Diminishing cerebral blood flow, cerebral metabolic oxygen consumption, and intracranial pressure are also characteristics of propofol administration.[57] In addition, propofol may decrease intraocular pressure by as much as 50% in patients with normal intraocular pressure.[58]

A more serious but rare side effect is dystonia.[59] Mild myoclonic movements are common, as with other intravenous hypnotic agents. Propofol appears to be safe for use in porphyria, and has not been known to trigger malignant hyperpyrexia.[citation needed]

Propofol is also reported to induce priapism in some individuals,[60][61] and has been observed to suppress REM sleep stage and to worsen the poor sleep quality in some patients.[62]

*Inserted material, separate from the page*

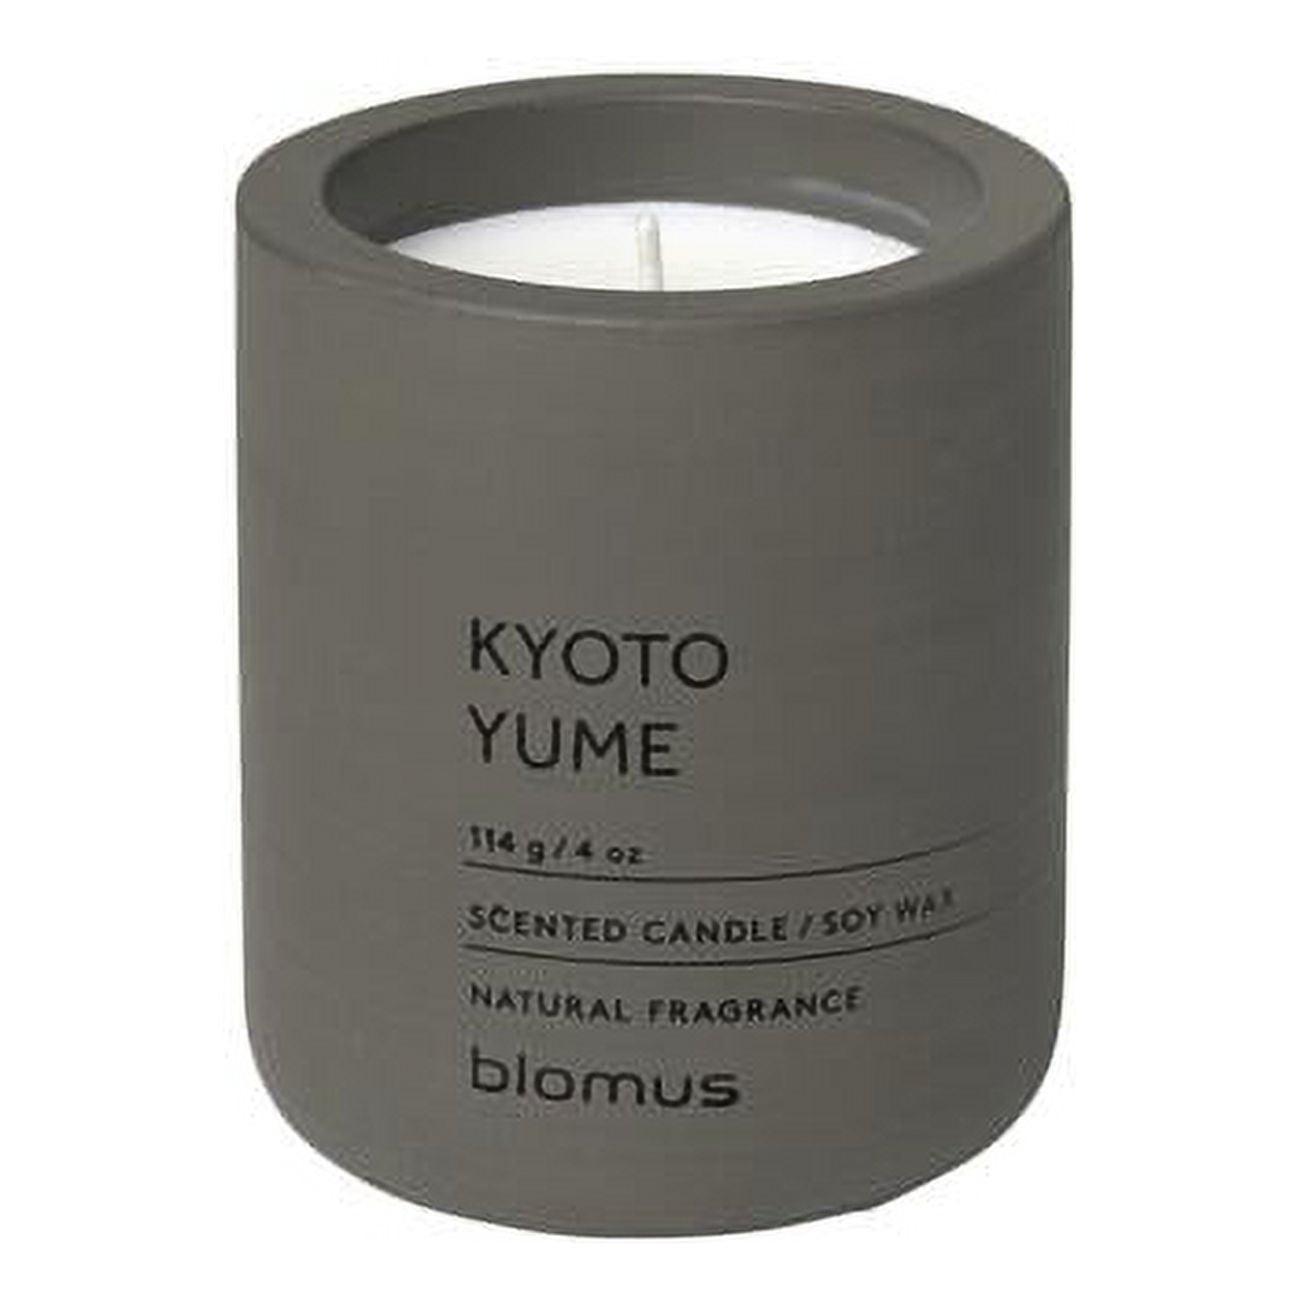 Kyoto Yume 4 oz White Lavender Soy Scented Jar Candle

As with any other general anesthetic agent, propofol should be administered only where appropriately trained staff and facilities for monitoring are available, as well as proper airway management, a supply of supplemental oxygen, artificial ventilation, and cardiovascular resuscitation.[63]

Because of its lipid base, some hospital facilities require the IV tubing (of continuous propofol infusions) to be changed after 12 hours. This is a preventive measure against microbial growth and infection.[64]

Propofol infusion syndrome

Main article: Propofol infusion syndrome

A rare, but serious, side effect is propofol infusion syndrome. This potentially lethal metabolic derangement has been reported in critically ill patients after a prolonged infusion of high-dose propofol, sometimes in combination with catecholamines and/or corticosteroids.[65]

Interactions

The respiratory effects of propofol are increased if given with other respiratory depressants, including benzodiazepines.[66]

Pharmacology

Pharmacodynamics

Propofol has been proposed to have several mechanisms of action,[67][68][69] both through potentiation of GABAA receptor activity and therefore acting as a GABAA receptor positive allosteric modulator, thereby slowing the channel-closing time. At high doses, propofol may be able to activate GABAA receptors in the absence of GABA, behaving as a GABAA receptor agonist as well.[70][71][72] Propofol analogs have been shown to also act as sodium channel blockers.[73][74] Some research has also suggested that the endocannabinoid system may contribute significantly to propofol’s anesthetic action and to its unique properties.[75] EEG research upon those undergoing general anesthesia with propofol finds that it causes a prominent reduction in the brain’s information integration capacity.[76]

Pharmacokinetics

Large vial filled with milky white fluid

A 20 ml ampoule of 1% propofol emulsion, as sold in Australia by Sandoz

Propofol is highly protein-bound in vivo and is metabolised by conjugation in the liver.[77] The half-life of elimination of propofol has been estimated to be between 2 and 24 hours. However, its duration of clinical effect is much shorter, because propofol is rapidly distributed into peripheral tissues. When used for IV sedation, a single dose of propofol typically wears off within minutes. Propofol is versatile; the drug can be given for short or prolonged sedation, as well as for general anesthesia. Its use is not associated with nausea as is often seen with opioid medications. These characteristics of rapid onset and recovery along with its amnestic effects[78] have led to its widespread use for sedation and anesthesia.

History

John B. Glen, a veterinarian and researcher at Imperial Chemical Industries (ICI) spent 13 years developing propofol, an effort which led to the awarding to him of the prestigious 2018 Lasker Award for clinical research. Propofol was originally developed as ICI 35868. It was chosen for development after extensive evaluation and structure–activity relationship studies of the anesthetic potencies and pharmacokinetic profiles of a series of ortho-alkylated phenols.[79]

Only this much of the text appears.